**What the task requires**
After finding "Inventory Prep Week" in the material below, output its line and every line after it through the last, exactly, but not the pictures.

**Data segment**

++++++++

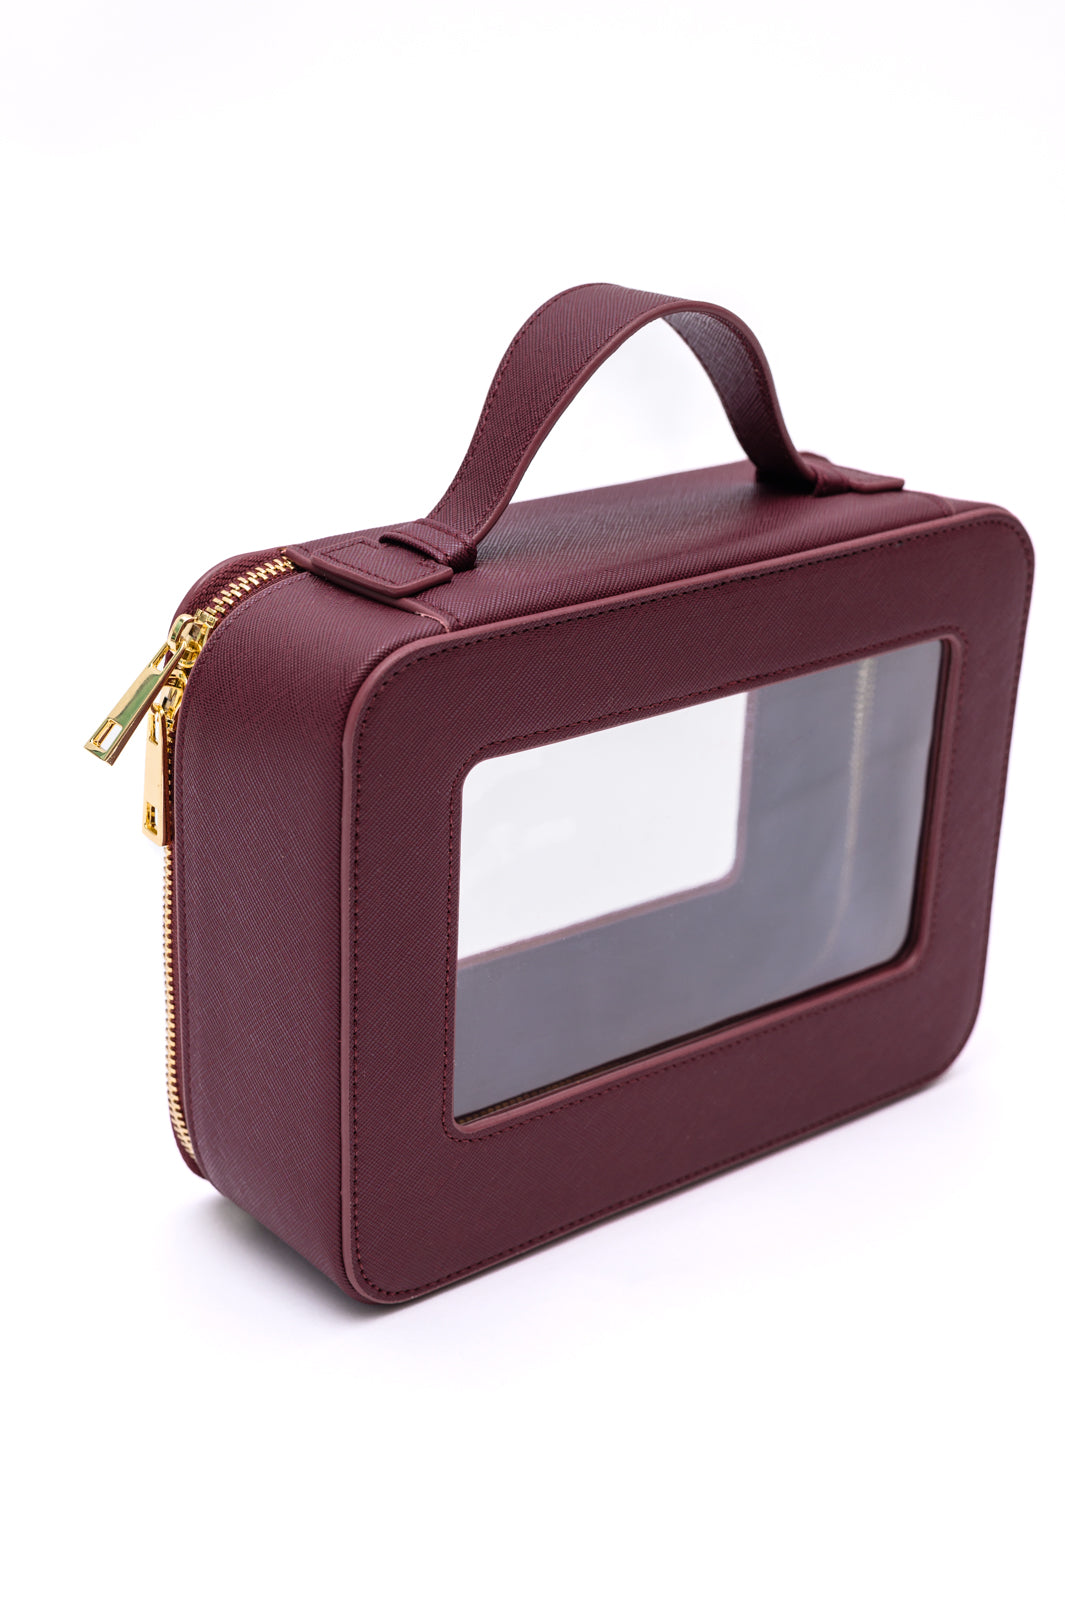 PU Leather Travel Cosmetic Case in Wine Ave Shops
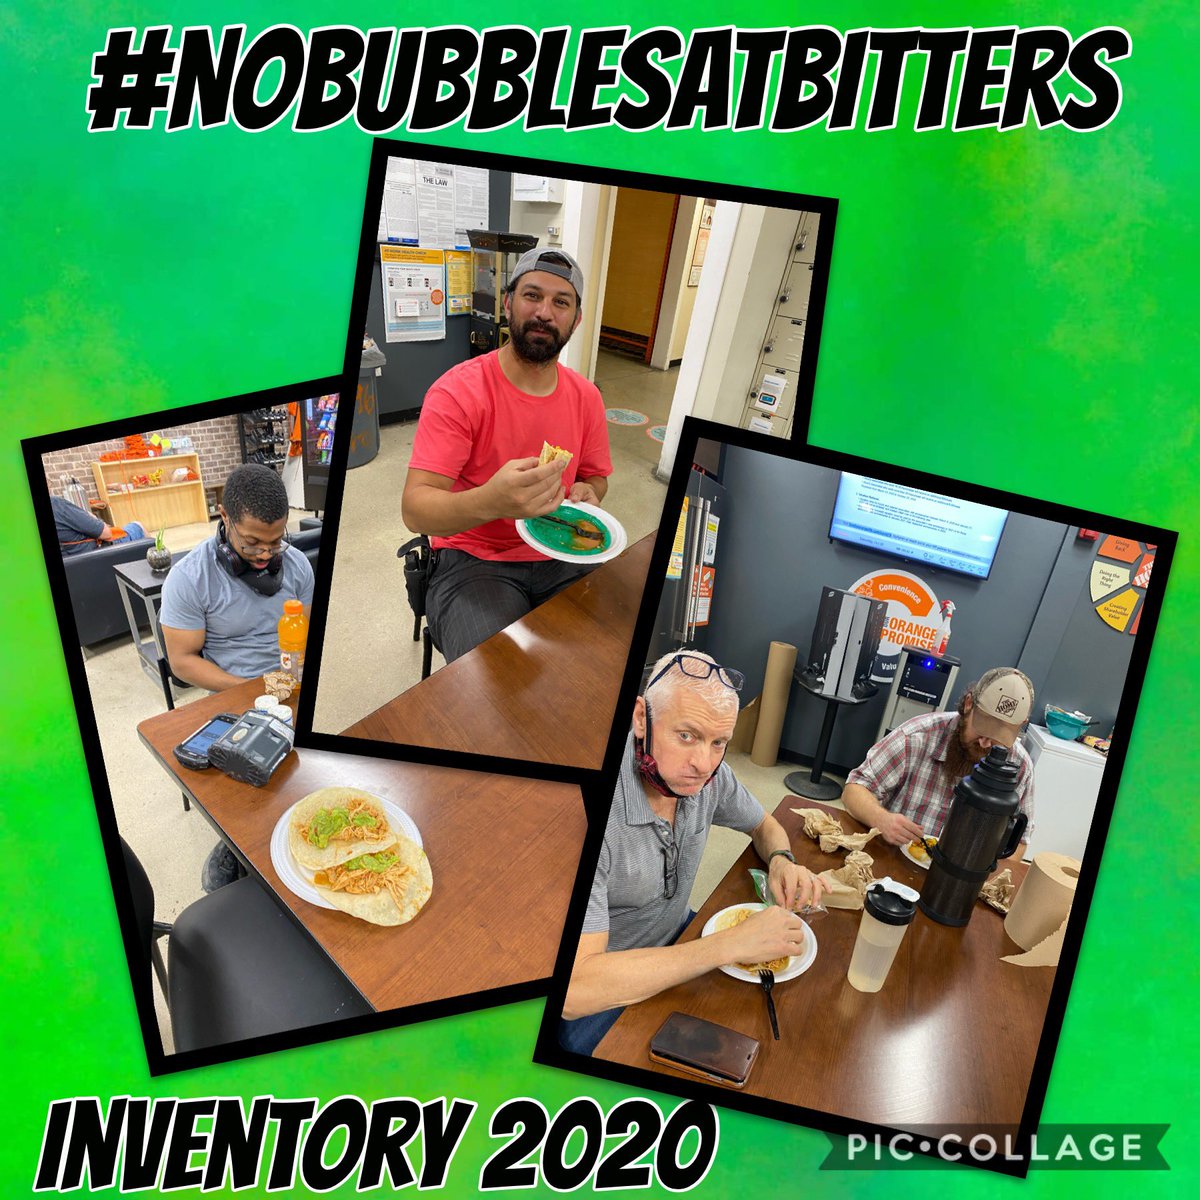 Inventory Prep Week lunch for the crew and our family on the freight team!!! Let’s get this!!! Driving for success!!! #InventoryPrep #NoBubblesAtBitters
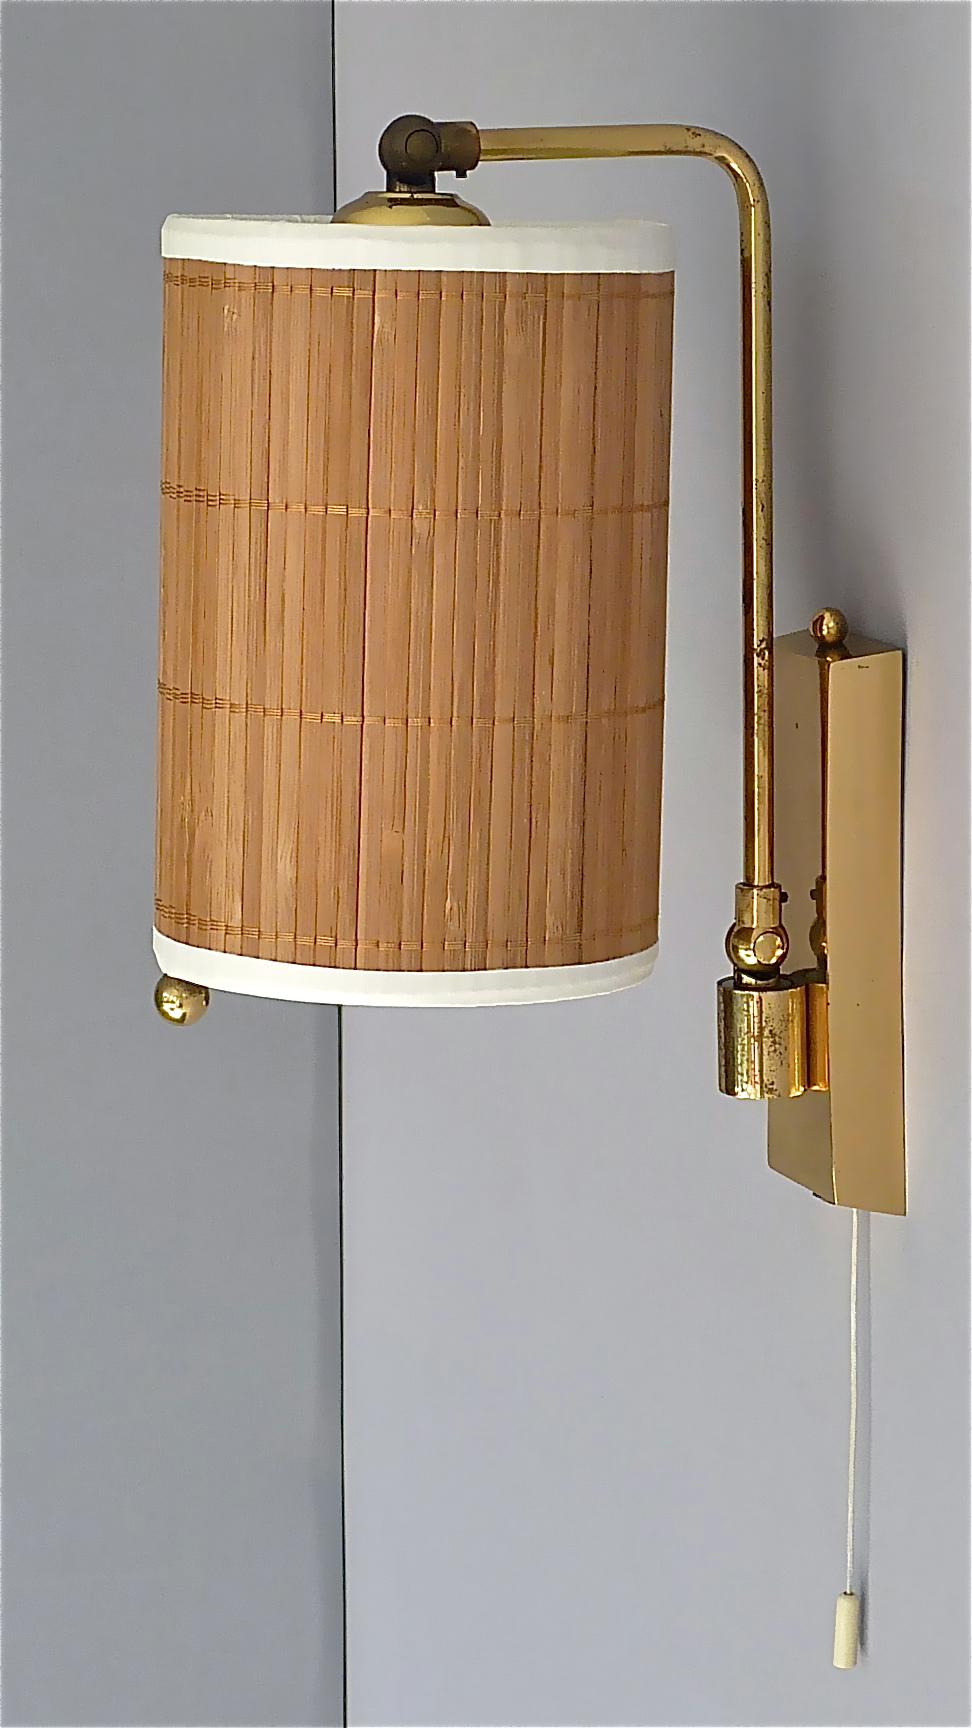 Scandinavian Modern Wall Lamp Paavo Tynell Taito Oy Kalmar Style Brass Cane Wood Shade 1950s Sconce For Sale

++++++++

**Output**
 Inventory Prep Week lunch for the crew and our family on the freight team!!! Let’s get this!!! Driving for success!!! #InventoryPrep #NoBubblesAtBitters
 Scandinavian Modern Wall Lamp Paavo Tynell Taito Oy Kalmar Style Brass Cane Wood Shade 1950s Sconce For Sale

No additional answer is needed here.